Not only Peepli [Live], several other films, including Prakash Jha’s Gangajal, Vishal Bhardwaj’s Omkara and Shekhar Kapur’s Bandit Queen, are also caught in a legal wrangle.

The Lucknow bench of the Allahabad high court issued notices to the producers and directors of these films on Tuesday on a petition filed by a lawyer.

Notices were also issued to the ministry of information and broadcasting, Central Board of Film Certification (CBFC) and its chairperson Sharmila Tagore.

The petitioner has prayed that Peepli [Live] should not be screened at the Oscars as “it is bound to undermine the honour of the nation”. The petition seeks withdrawal of the CBFC certificates granted to these films and removal of the chairperson and members of CBFC for allegedly failing to do their duty by clearing films which are against “public interest, morality and decency” as defined in the Cinematography Act of 1952.

“The court empathised with the argument that the abusive words and expletives used in these films are having a detrimental effect on society,” petitioner Ashok Pande said.

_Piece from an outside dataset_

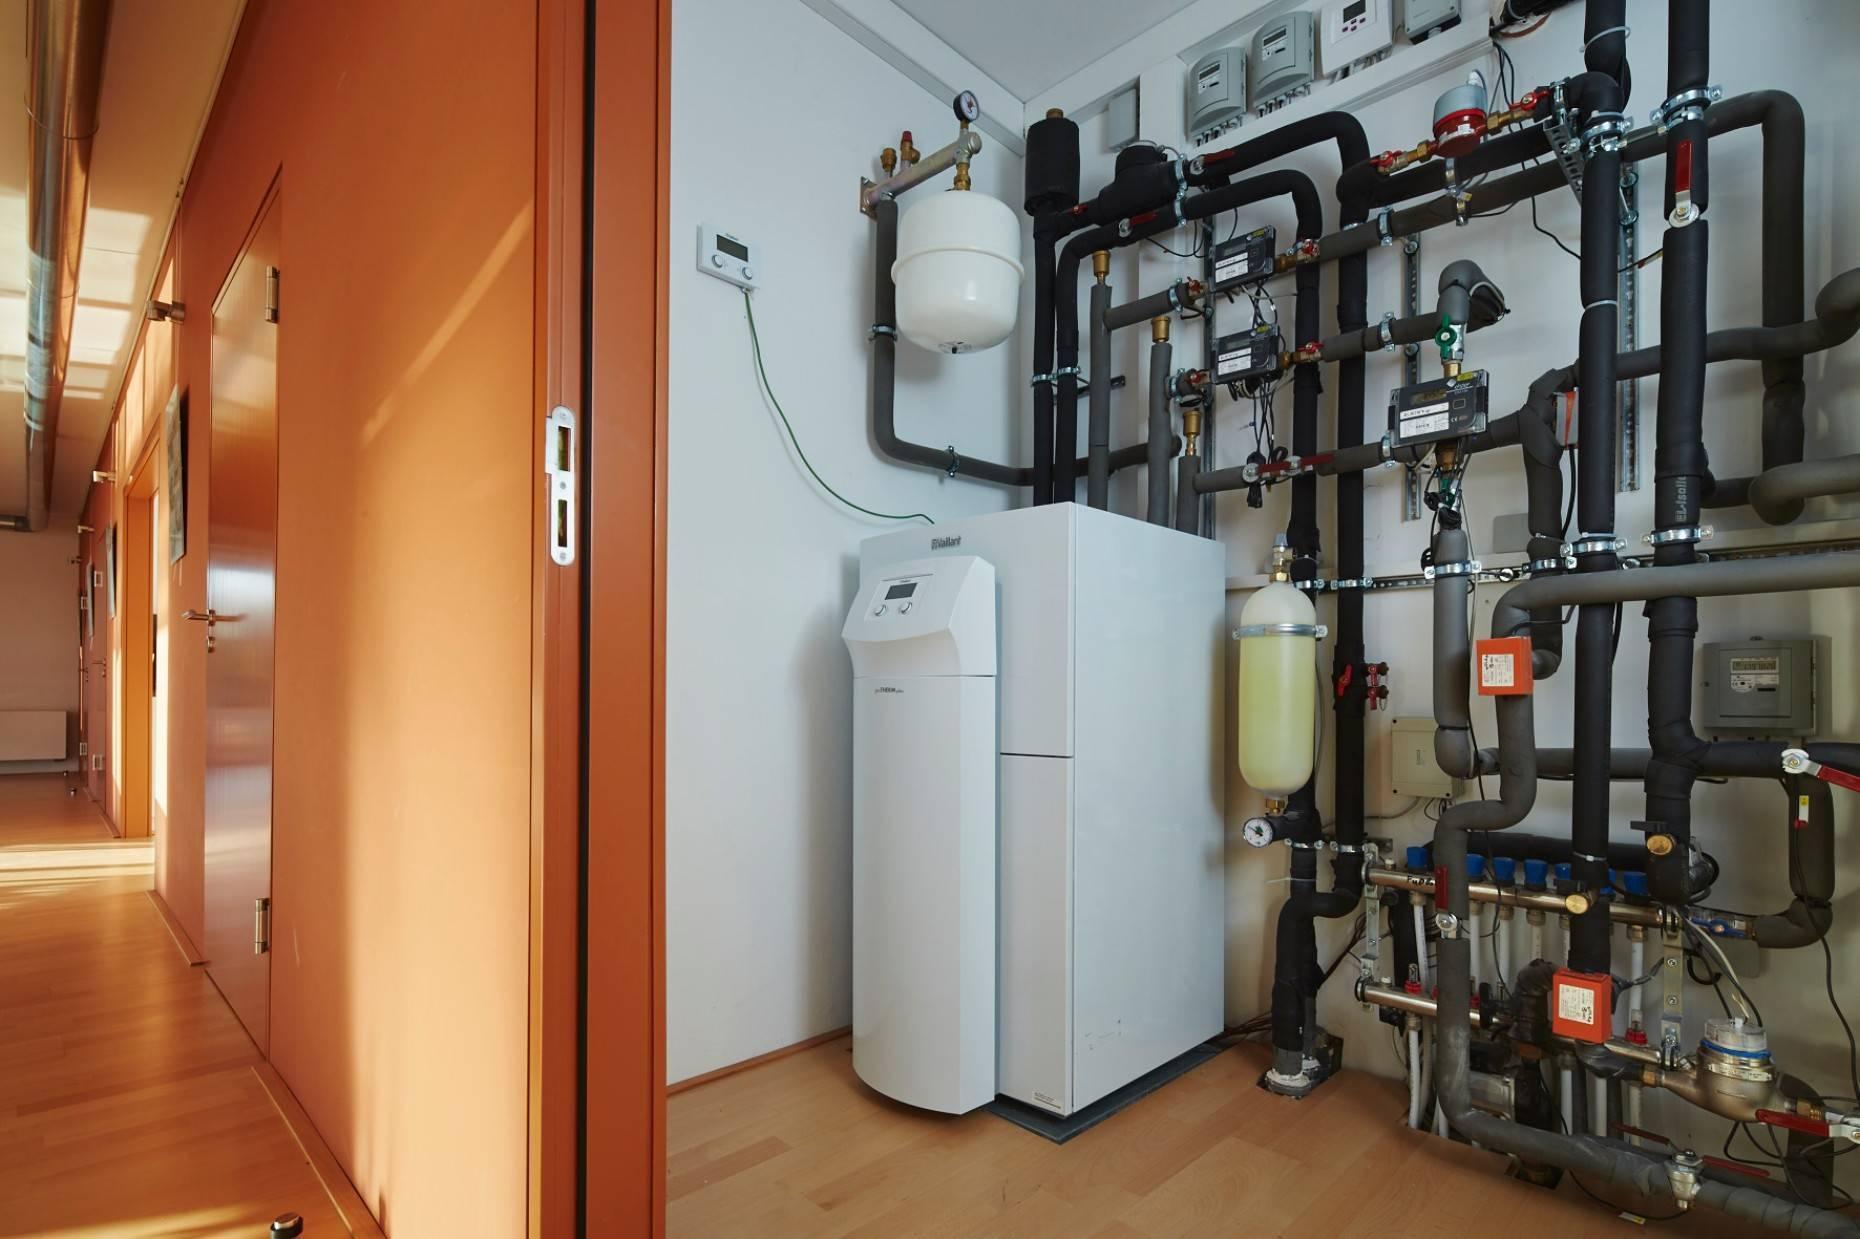 Как сэкономить газ при отоплении частного дома: наиболее действенные способы экономии газа

“If the producer-directors have acted irresponsibly, it is the duty of the I&B ministry and CBFC to ensure that films with such filthy language are not exhibited in public,” he said. The court has warned the I&B ministry and the authorities concerned of severe action if they failed to take corrective action in this regard, Pande told reporters.

Aamir Khan and wife Kiran Rao, producers of Peepli [Live], are among the respondents who have been asked to clarify their position on this count by October 27, when the petition comes up for hearing.

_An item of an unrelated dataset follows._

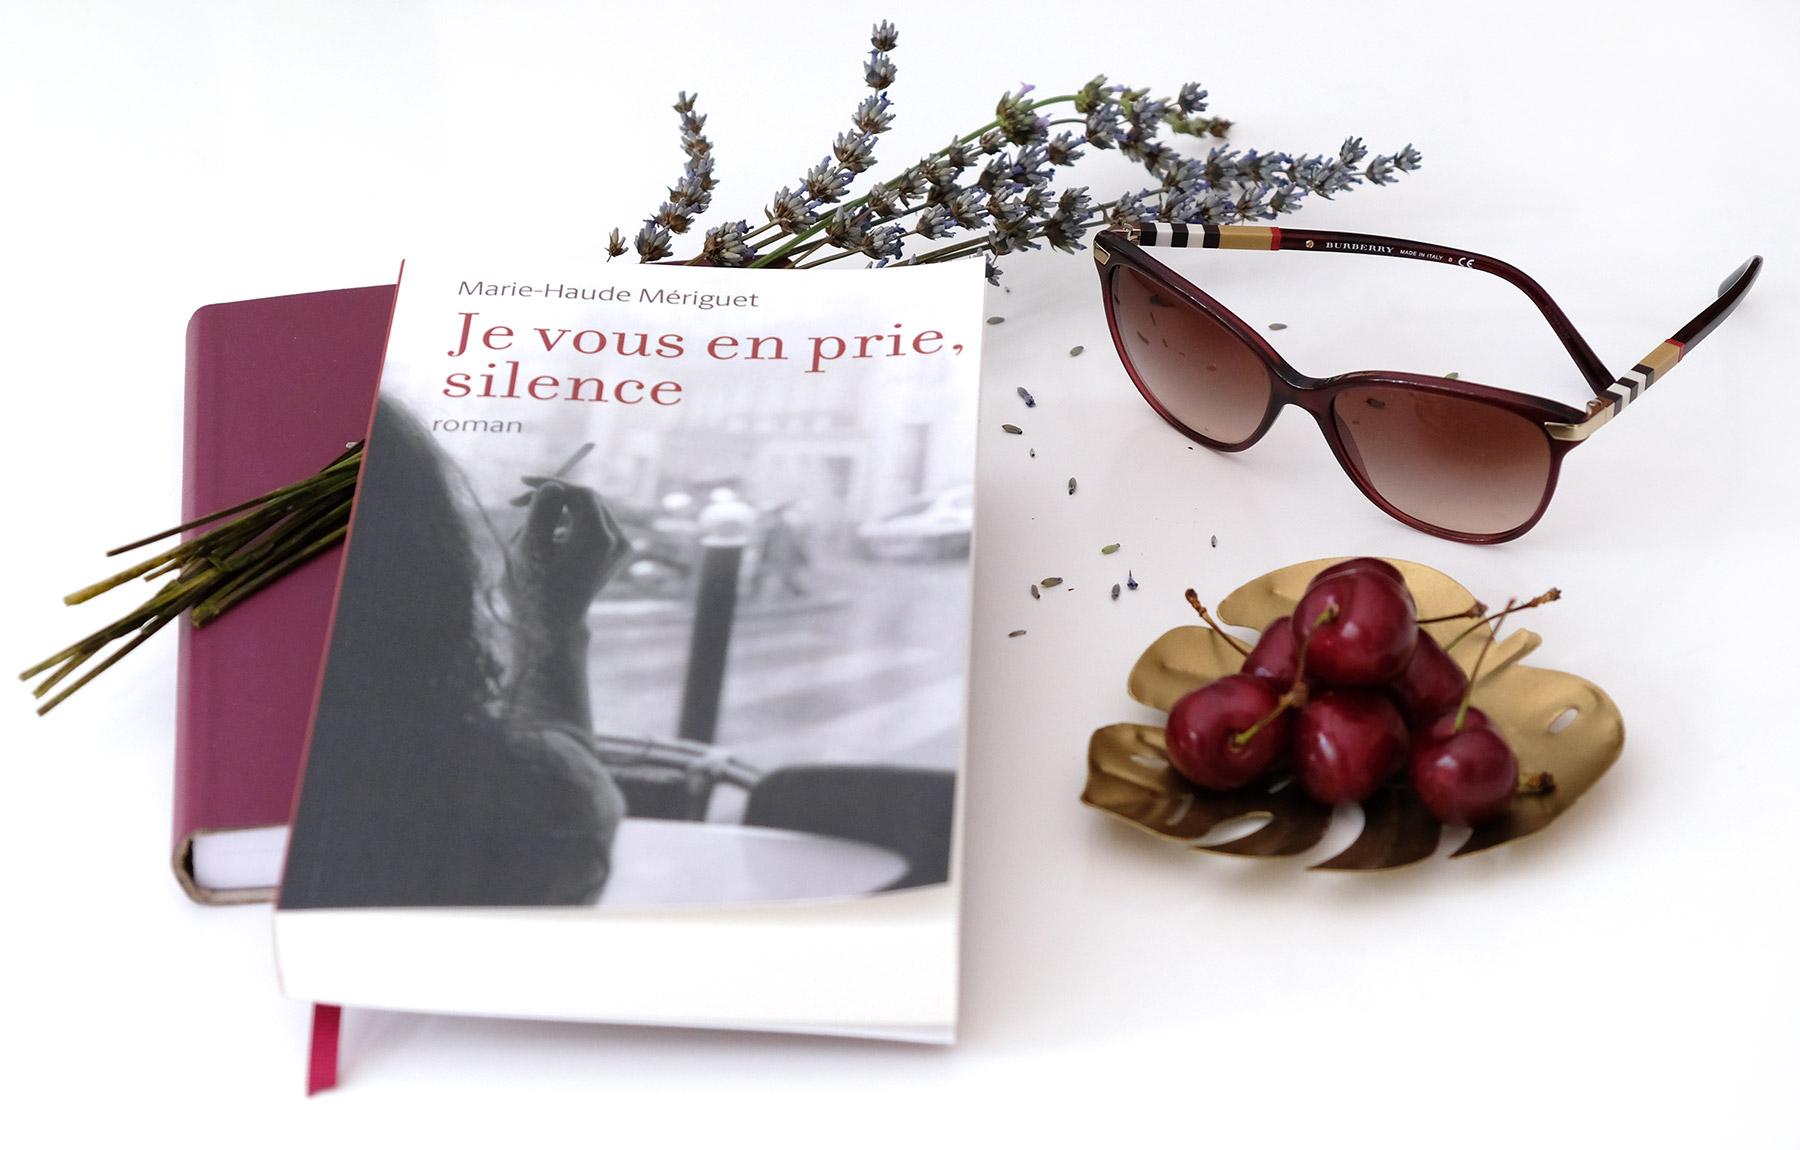 Je vous en prie, silence, premier roman auto-édité de Marie-Haude Mériguet

Other respondents include Anusha Rizvi, director of Peepli [Live], Prakash Jha, producer-director of Gangajal, Vishal Bhardwaj, director of Omkara, Kumar Mangat, producer of Omkara, Shekhar Kapoor, director of Bandit Queen, and Sandeep Bedi, producer of Bandit Queen.

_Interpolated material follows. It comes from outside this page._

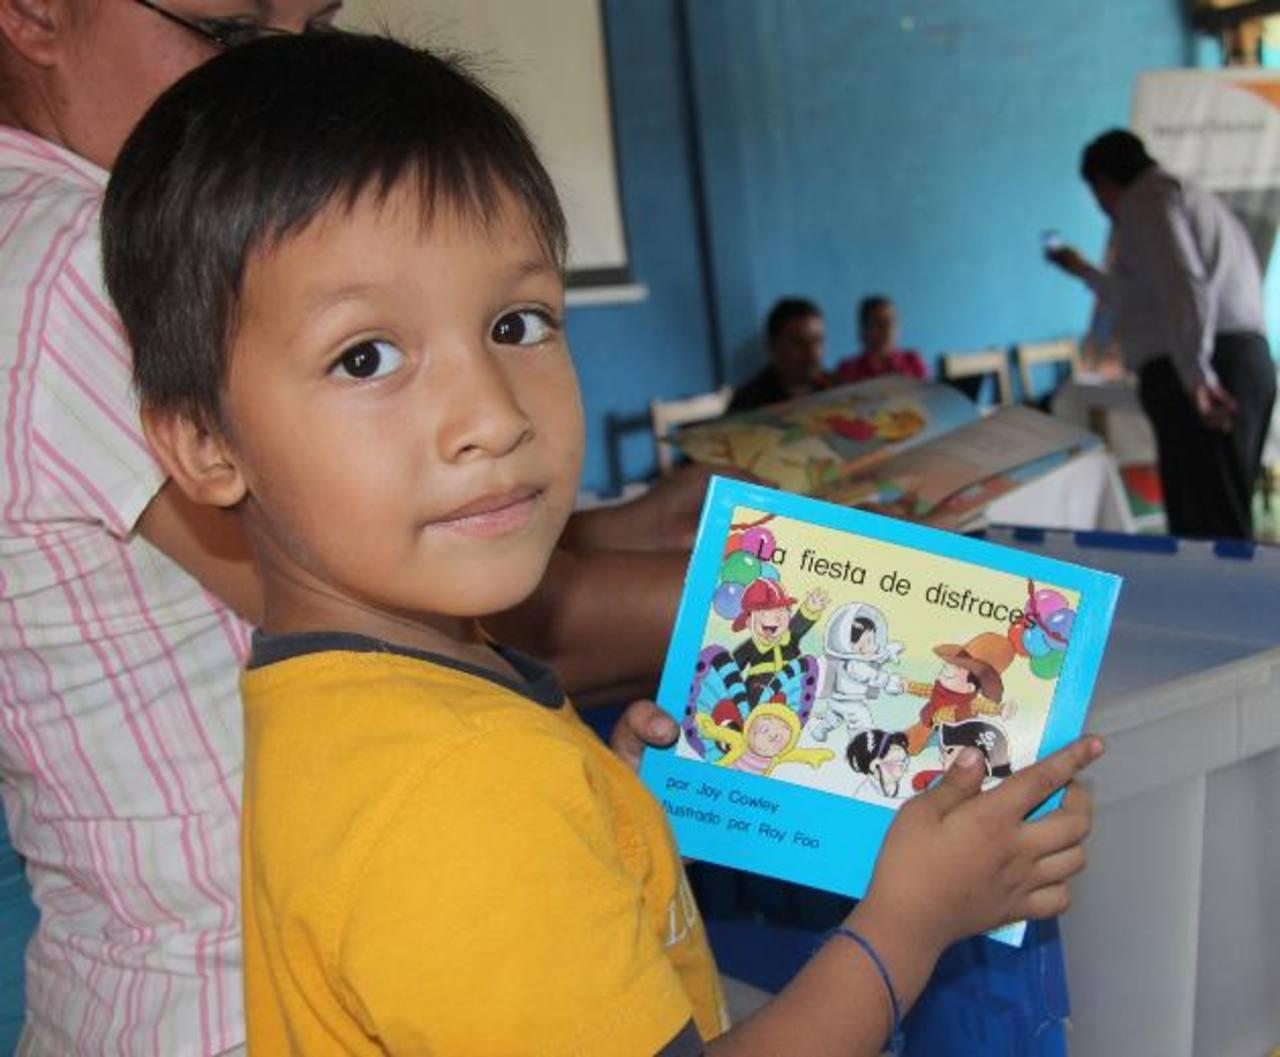 Los infantes de Armenia, Metalío y Caluco, en Sonsonate, fueron favorecidos con la entrega de libros. Foto EDH / Cortesía

“It is appalling that Aamir Khan even dared to screen Peepli [Live] at PM’s house… even PM did not object to the disgraceful language used in the film,” Pande said.

The petition objects to the use of “abusive language to mothers, sisters, daughters” in these and several other films. It invokes section 5-B of the Cinematography Act, 1952, which enjoins upon the censor board to refuse certificates for public exhibition to films which use abusive language. “The expletives used in films such as Bandit Queen are unprintable and thus not proper to mention in the petition,” Pande said.

He has contended that the trend was started in recent times by Bandit Queen.

The censor board’s failure to check use of abusive language in the film, he says, “encouraged” other producers/directors to freely use expletives of the worst kind in films such as Omkara, Gangajal and Peepli [Live].